Watermarks might not work, but what about the classic all-over-the-painting signature? Signatures are a really classic, and harder to take off than a watermark.

I'm not exactly the best artist, but I always make a point to sign right over one of the legs, or right next to the face.


----------



## krisCrash (Aug 27, 2009)

I don't mind people sharing my art a little, but things like removing an artist's signature to post something has completely ulterior motives


----------



## Greykitty (Sep 1, 2009)

The only time it really annoys me is when they pull out my signature and recolor it etc.  Or the BIG one, and the reason I save everything in very low resolution, is when they try to sell my art as prints or on t-shirts, whatever.  Or a time where a girl stole my character designs, altered them only a tiny bit then claimed she had never seen my work before even though she was tracing my poses and everything.  >_<  Worst part is people believed her and DA would not remove her, even though she made three different accounts and even outright admitted to me she ripped my art in a note.  But yeah those are the only times I really DO care, but as for sharing my artwork and passing it around, I don't mind that much.


----------



## Bun (Oct 8, 2009)

I've had my art stolen once before, and that was the last time (thankfully) it was on Balto Source if anyone knows what that place is x] but yeah, my friends flamed the person and I PMd them asking to delete my art from their gallery... and they did lol

Sadly, my art wasn't even that great x] it isn't even that great now lol I'll never know why someone would bother to steal it.

I'm also a member of DA, and have seen a lot of people get their art stolen, thankfully the thieves were banned.. (isn't always the case though).


----------



## Donryu (Oct 9, 2009)

Because who can't help but bathe in the temporary and shallow immediate attention you get for getting people to think you're talented?  I mean come on!  Is there no greater glory...

Oh yeah there is...

ACTUALLY BEING A TALENTED ARTIST.


----------



## sakket (Oct 14, 2009)

i wonder if anyone's stolen from me yet..


----------



## krisCrash (Oct 16, 2009)

Today someone posted one of my sketches on a critique board. I lol'ed.


----------



## Armaetus (Oct 16, 2009)

*Please stop tossing the "stealing" word around like this*

I only give a shit if people start using my photographs on for-profit purposes..hell, it's not really stealing unless the person(s) mug you and take the physical drawing from your place. It's more or less copyright infringement to a degree, so stop tossing around "theft" the way certain furries on FA throw it around.

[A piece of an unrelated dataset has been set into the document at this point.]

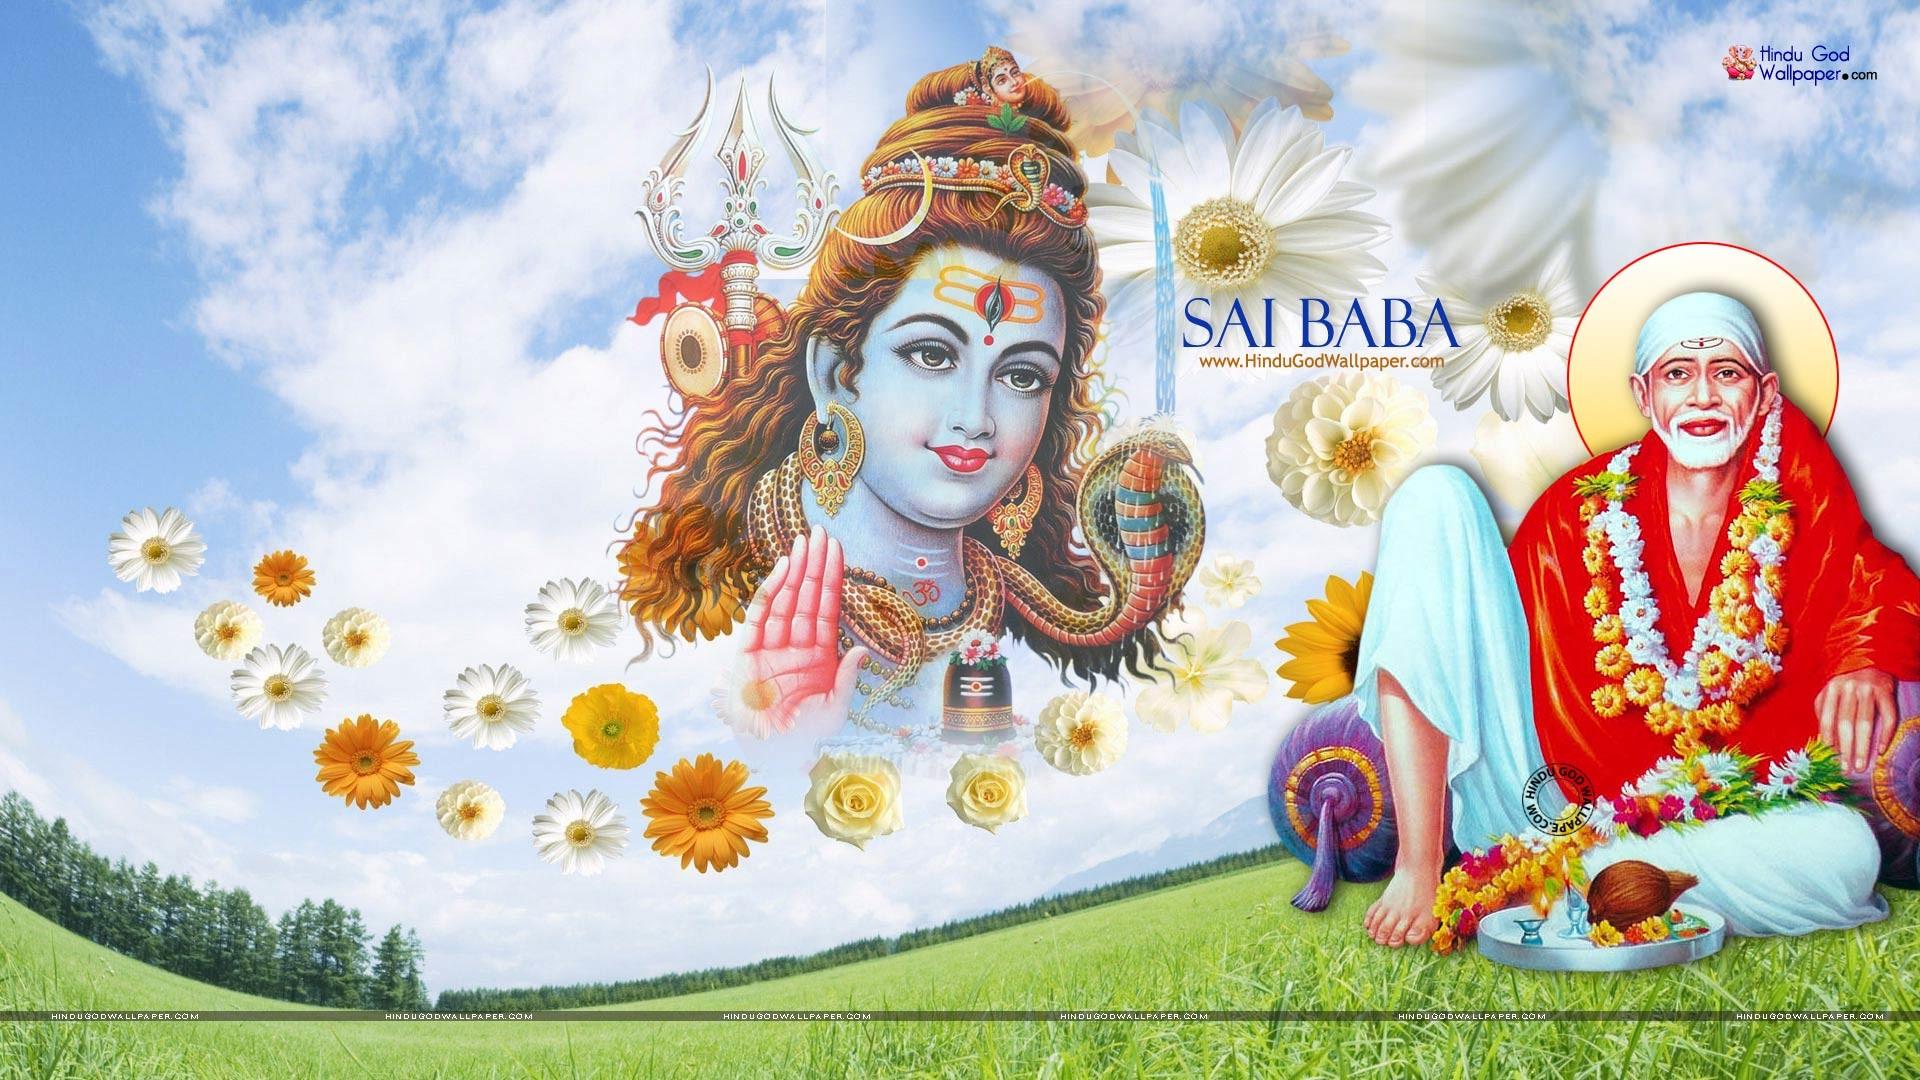 Download Sai Baba Wallpapers – Sai Baba Wallpapers, Sai Wallpaper, Shirdi  Sai Baba, Sathya Sai Wallpapers. | Sai Baba Wallpapers | Pinterest | Sai  baba

It is one thing to repost the art to lulz.net or e621 but it's a totally different thing to take that art that was freely posted on X's FA or personal artsite and charging folks to see it (IE SinisterTaz) on Y's paysite when Y paid Z to draw something for them. The artwork is technically still Z's but Y's characters are there.

That doesn't give Y the right to charge users to see Z's commissions even tho it's on his/her FA/Furocity/BlueTaboo page.


----------



## sakket (Oct 20, 2009)

krisCrash said:


> Today someone posted one of my sketches on a critique board. I lol'ed.


oh man id shit brix


----------



## Vaelarsa (Oct 20, 2009)

It's annoying.

It's why I watermark everything.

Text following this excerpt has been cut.